# Our security commitment
Merchants hand Paybyrd two things that are hard to recover once damaged: their money in flight, and their customers' card data. Our promise is that both are treated with more care than our own. We run the company under the supervision of financial-services regulators, we hold PCI DSS Level 1 — the highest merchant/service-provider tier in the payment-card industry — and we treat cardholder data as radioactive: it is touched by as few systems, as few people and for as few reasons as the service permits.
This page covers the entire production estate of Paybyrd's payment services: the public APIs, the merchant dashboard, the POS fleet and the backing platform on which authorisations, captures, refunds and webhook delivery run. Corporate IT and internal tooling are governed by equivalent policies but are out of scope for this document.
The commitments that follow are written to be verifiable.
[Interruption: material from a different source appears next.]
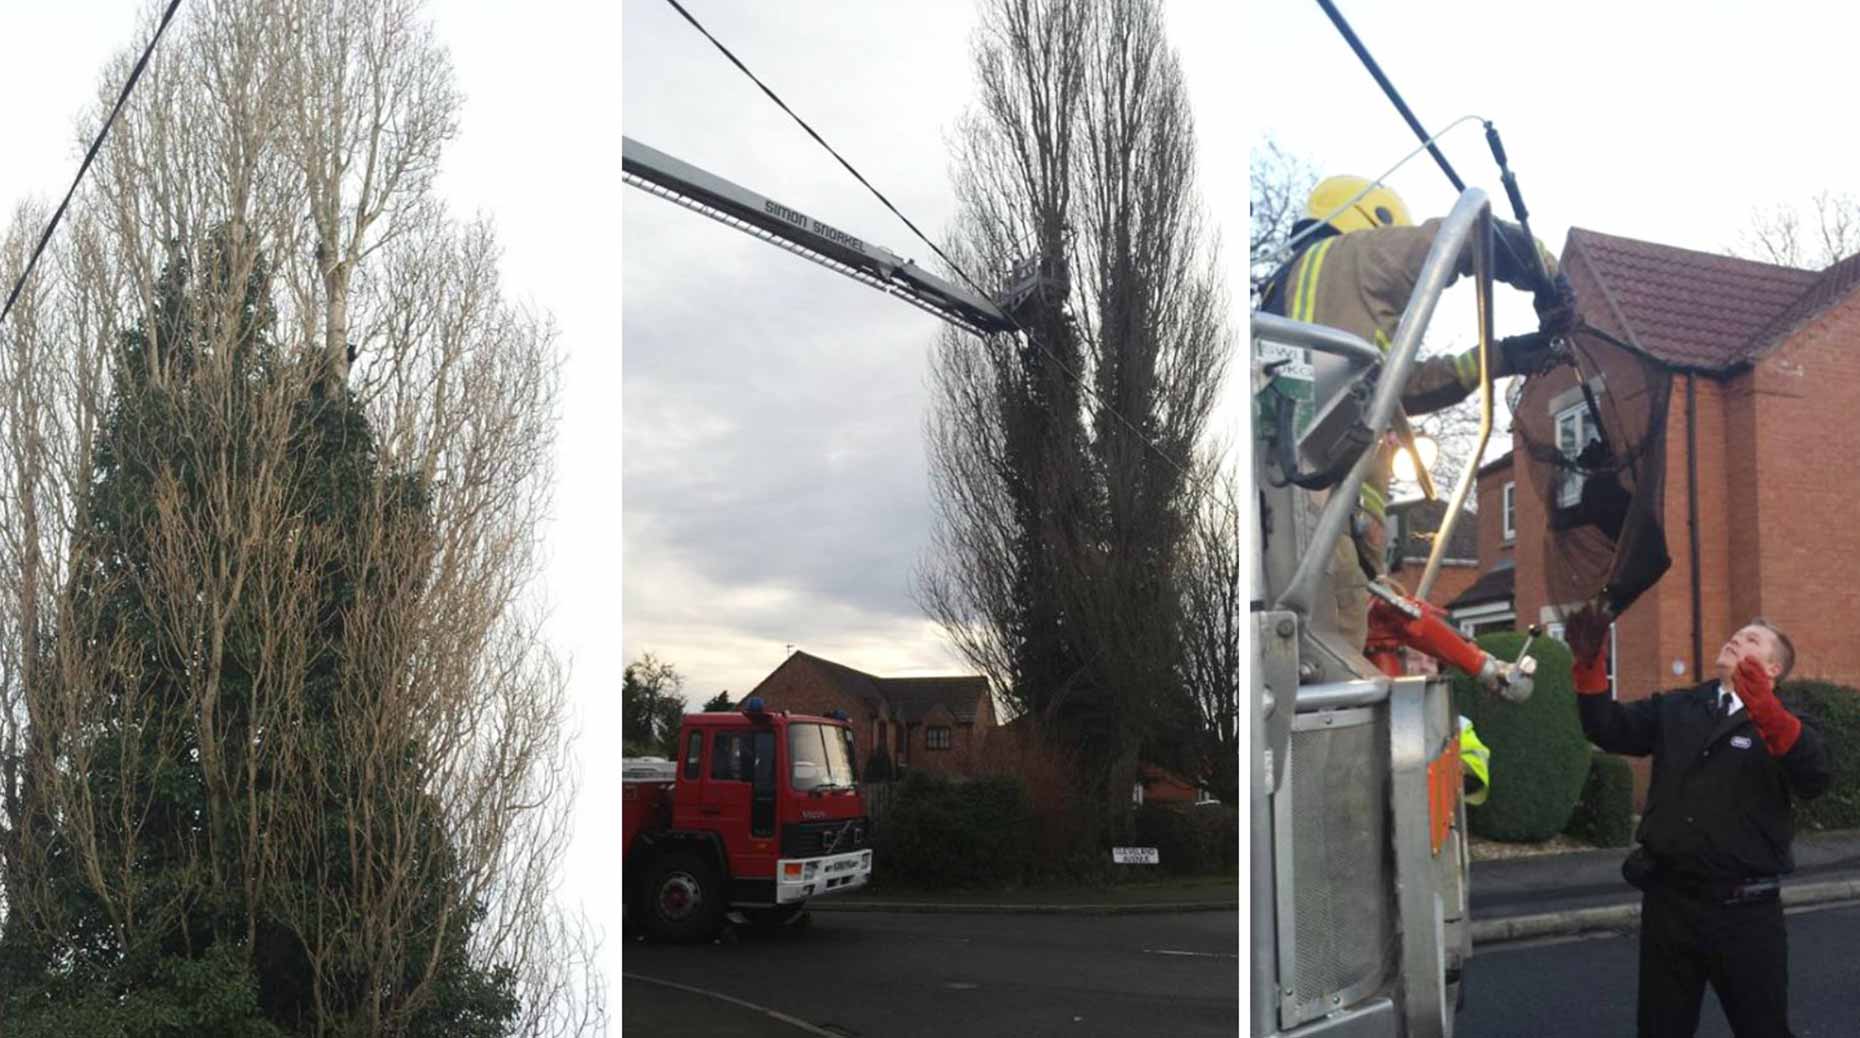 Firefighters rescue cat from tree in Lincoln

Every claim on this page is something we are prepared to evidence in a security questionnaire, a regulator audit or a scheme examination.
# Standards and certifications
Paybyrd aligns its security programme to the frameworks that matter in payments, in the EU and in the jurisdictions we serve.
- PCI DSS Level 1 — certified. Annual Report on Compliance refreshed every 12 months by an independent Qualified Security Assessor; quarterly ASV scans against our public ingress; attestation available to merchants under NDA.
- ISO/IEC 27001 — information-security management system maintained across the platform; independent certification in progress.
- SOC 2 Type II — report in preparation, with a 12-month observation window commencing 2026; bridge letter available on request once the first report is issued.
- PSD2 — strong customer authentication. Authentication flows implement RTS-compliant SCA with exemption handling (TRA, low-value, MIT) and 3-D Secure 2.x for remote card transactions.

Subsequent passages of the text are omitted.